The basic format of option assignment is
<option name><linear whitespace><value>;
It should be obvious from the examples below,
but if you really care to know the details:
<option name> :=
valid options in the respective scope
<value> := <num>|<string>|<choice>|...
depending on the set of allowed values
for the respective option.
<num> := [0-9]+, sometimes with an optional suffix of K,M,G
<string> := (<name>|\"([^\"\\\n]*|\\.)*\")+
<name> := [/_.A-Za-z0-9-]+
}
#
# At most ONE global section is allowed.
# It must precede any resource section.
#
global {
# By default we load the module with a minor-count of 32. In case you
# have more devices in your config, the module gets loaded with
# a minor-count that ensures that you have 10 minors spare.
# In case 10 spare minors are too little for you, you can set the
# minor-count exeplicit here. ( Note, in contrast to DRBD-0.7 an
# unused, spare minor has only a very little overhead of allocated
# memory (a single pointer to be exact). )
#
# minor-count 64;
# The user dialog counts and displays the seconds it waited so
# far. You might want to disable this if you have the console
# of your server connected to a serial terminal server with
# limited logging capacity.
# The Dialog will print the count each 'dialog-refresh' seconds,
# set it to 0 to disable redrawing completely. [ default = 1 ]
#
# dialog-refresh 5; # 5 seconds
# You might disable one of drbdadm's sanity check.
# disable-ip-verification;
# Participate in DRBD's online usage counter at http://usage.drbd.org
# possilbe options: ask, yes, no. Default is ask. In case you do not
# know, set it to ask, and follow the on screen instructions later.
usage-count no;
}
#
# The common section can have all the sections a resource can have but
# not the host section (started with the "on" keyword).
# The common section must precede all resources.
# All resources inherit the settings from the common section.

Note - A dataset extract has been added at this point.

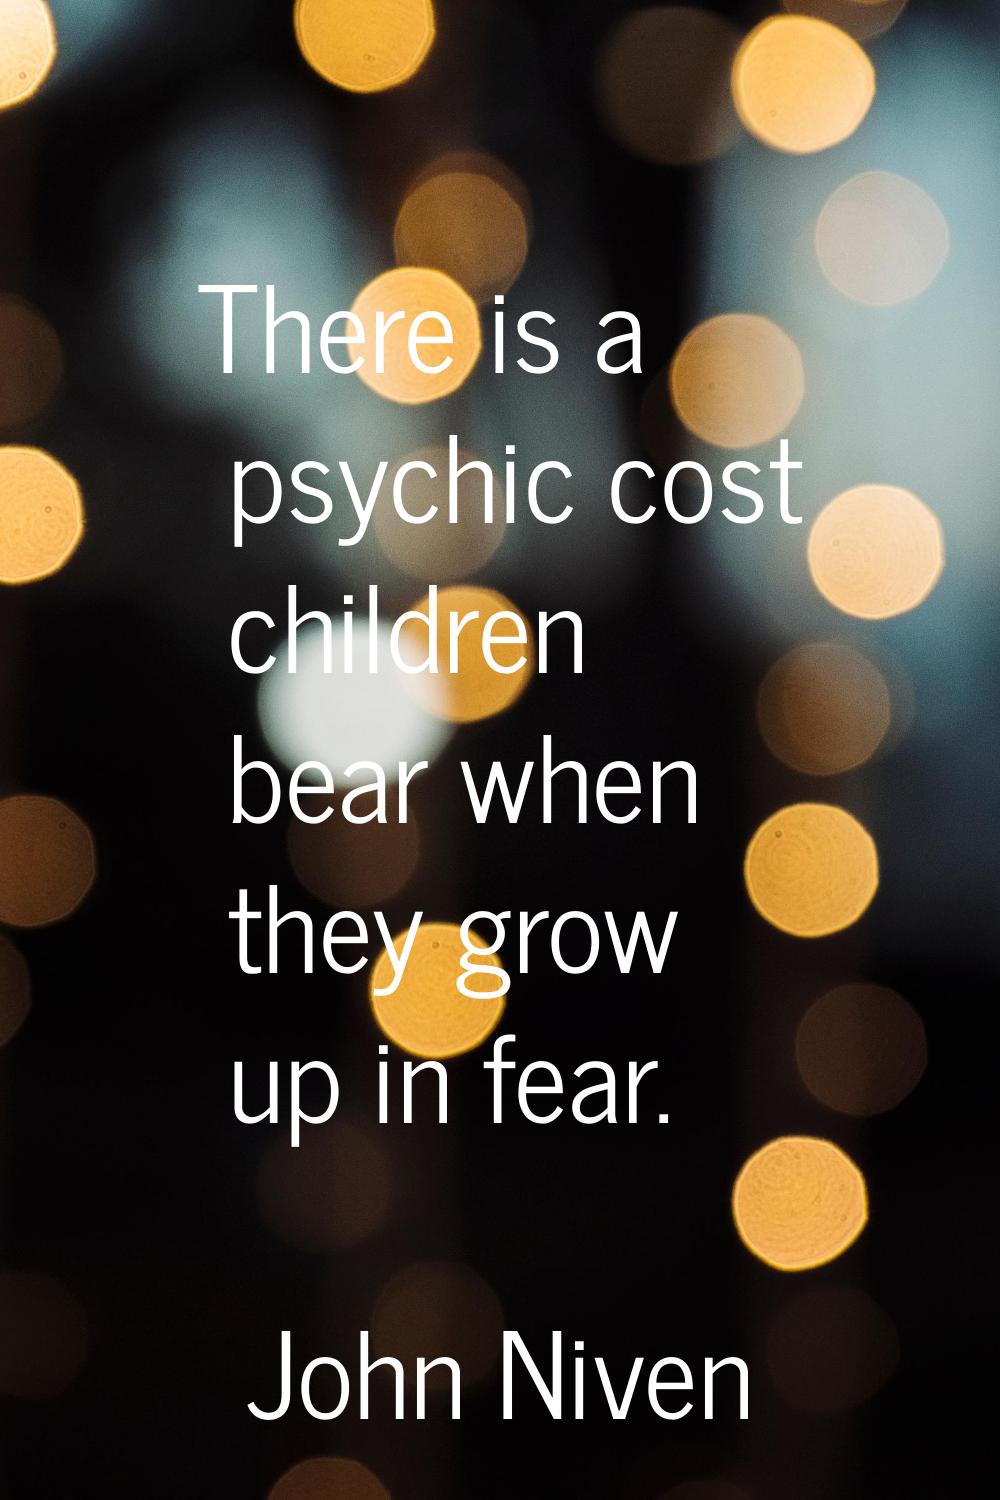 There is a psychic cost children bear when they grow up in fear.

# Whereas settings in the resources have precedence over the common
# setting.
#
common {
syncer { rate 3M; }
}
resource r0 {
protocol C;
#incon-degr-cmd "halt -f";
startup {
degr-wfc-timeout 120; # 2 minutes.
}
disk {
on-io-error detach;
}
handlers
{
split-brain "/root/splitbrain.sh root";
}
net {
}
syncer {
rate 30;
#group 1;
al-extents 257;
}
on Primary {
device /dev/drbd0;
meta-disk /dev/sdb1[0];
disk /dev/sdb2;
address xxx.xxx.xxx.xxx:7788;
}
on Secondary {
device /dev/drbd0;
meta-disk /dev/sdb1[0];
disk /dev/sdb2;
address xxx.xxx.xxx.xxx:7788;
}
}
logs :
Sep 28 08:16:30 secondary kernel: block drbd0: peer( Primary -> Unknown ) conn( SyncTarget -> Disconnecting ) pdsk( UpToDate -> DUnknown )

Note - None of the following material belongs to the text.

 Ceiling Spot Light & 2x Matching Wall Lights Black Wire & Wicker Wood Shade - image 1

Sep 28 08:16:30 secondary kernel: block drbd0: asender terminated
Sep 28 08:16:30 secondary kernel: block drbd0: Terminating asender thread
Sep 28 08:16:30 secondary kernel: block drbd0: bitmap WRITE of 1599 pages took 34 jiffies
Sep 28 08:16:30 secondary kernel: block drbd0: 360 KB (90 bits) marked out-of-sync by on disk bit-map.
Sep 28 08:16:30 secondary kernel: block drbd0: Connection closed
Sep 28 08:16:30 secondary kernel: block drbd0: conn( Disconnecting -> StandAlone )
Sep 28 08:16:30 secondary kernel: block drbd0: receiver terminated
Sep 28 08:16:30 secondary kernel: block drbd0: Terminating receiver thread
Sep 28 08:16:33 secondary kernel: block drbd0: conn( StandAlone -> Unconnected )
Sep 28 08:16:33 secondary kernel: block drbd0: Starting receiver thread (from drbd0_worker [1765])
Sep 28 08:16:33 secondary kernel: block drbd0: receiver (re)started
Sep 28 08:16:33 secondary kernel: block drbd0: conn( Unconnected -> WFConnection )
Sep 28 08:16:33 secondary kernel: block drbd0: Handshake successful: Agreed network protocol version 96
Sep 28 08:16:33 secondary kernel: block drbd0: conn( WFConnection -> WFReportParams )
Sep 28 08:16:33 secondary kernel: block drbd0: Starting asender thread (from drbd0_receiver [29181])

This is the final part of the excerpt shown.